Wire this output to the input valid input of a downstream node to transfer data from the node to the downstream node.
| True | Downstream nodes can use the result this node computes. |
| False | This node returns an undefined value that downstream nodes cannot use.
Note This node may return different undefined values when executed in simulation mode versus when executed on hardware.
|
ready for input
Boolean value that indicates whether this node is ready to accept new input data.
Use Feedback Node to wire this output to the ready for output output of an upstream node.

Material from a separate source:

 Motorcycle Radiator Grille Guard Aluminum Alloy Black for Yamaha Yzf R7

| True | The node is ready to accept new input data. |
| False | The node is not ready to accept new input data. |
Conjugation Options
Configure how to conjugate the inputs during operation. You can conjugate any combination of inputs: x, y, both, or none.
Vector Size
Specifies the size of the input vector.
Resource Option
Specifies how to implement the multiplier. Auto allows the compiler to decide whether to use embedded block multipliers or look-up tables. Look-Up Table causes the node to use look-up tables.
Pipeline Degree
Configure how many pipelining stages this node uses internally.
What Happens When Interfaces or Array Sizes Differ?

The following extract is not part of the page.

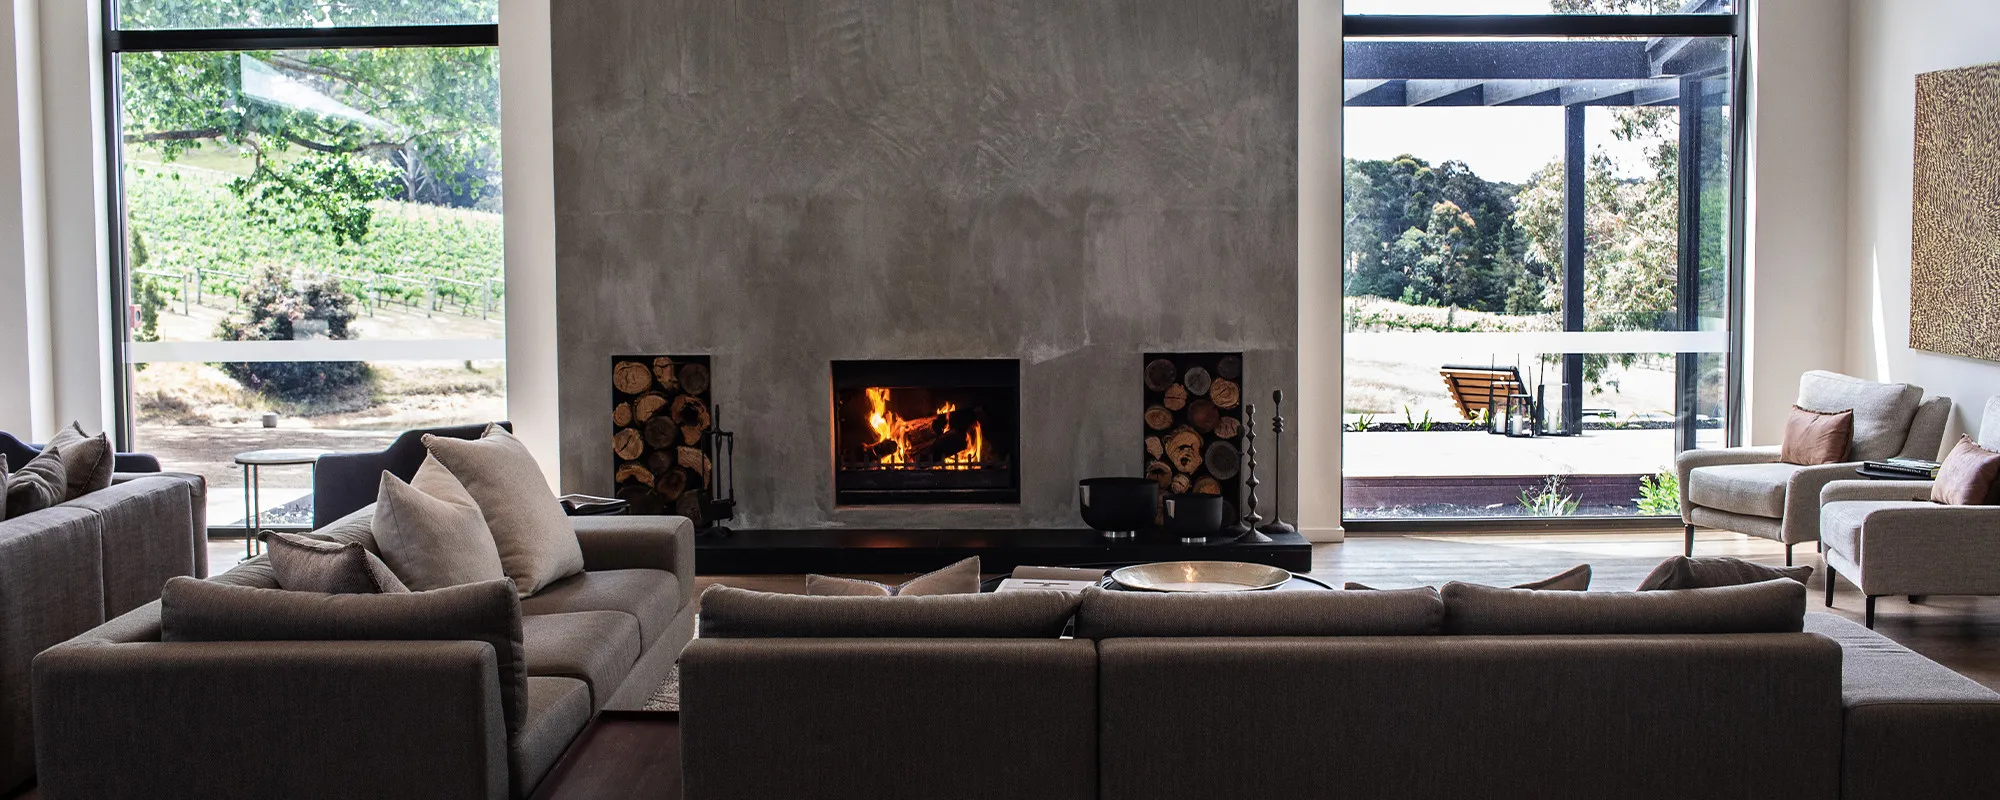 Lancemore Macedon Ranges Boutique Luxury Accommodation Gallery Common Area 2000x800

x and y must be both scalar or both 1D fixed-size array. If the interface types differ, x takes precedent. If both interface types are 1D fixed-size arrays, but the array sizes differ, the input with the smaller array size takes precedent. If the input with precedence is a 1D fixed-size array, the compiler dims Vector Size configuration option for the node and uses the array size from the wire.
Improving Maximum Clock Rate with Pipelining
You can improve the timing performance of this node on an FPGA target by adjusting the number of pipelining stages. In general, increasing the number of pipelining stages also increases the maximum clock rate this node can achieve. However, the actual clock rate depends on many considerations, including the following factors:
- The FPGA target you use
- The size of the multiplier
- The rounding and overflow modes you select in the fixed-point configuration for the node
- The mode you select for Resource in the Pipelining option section of the Item tab.
- Other FPGA logic besides the multiplier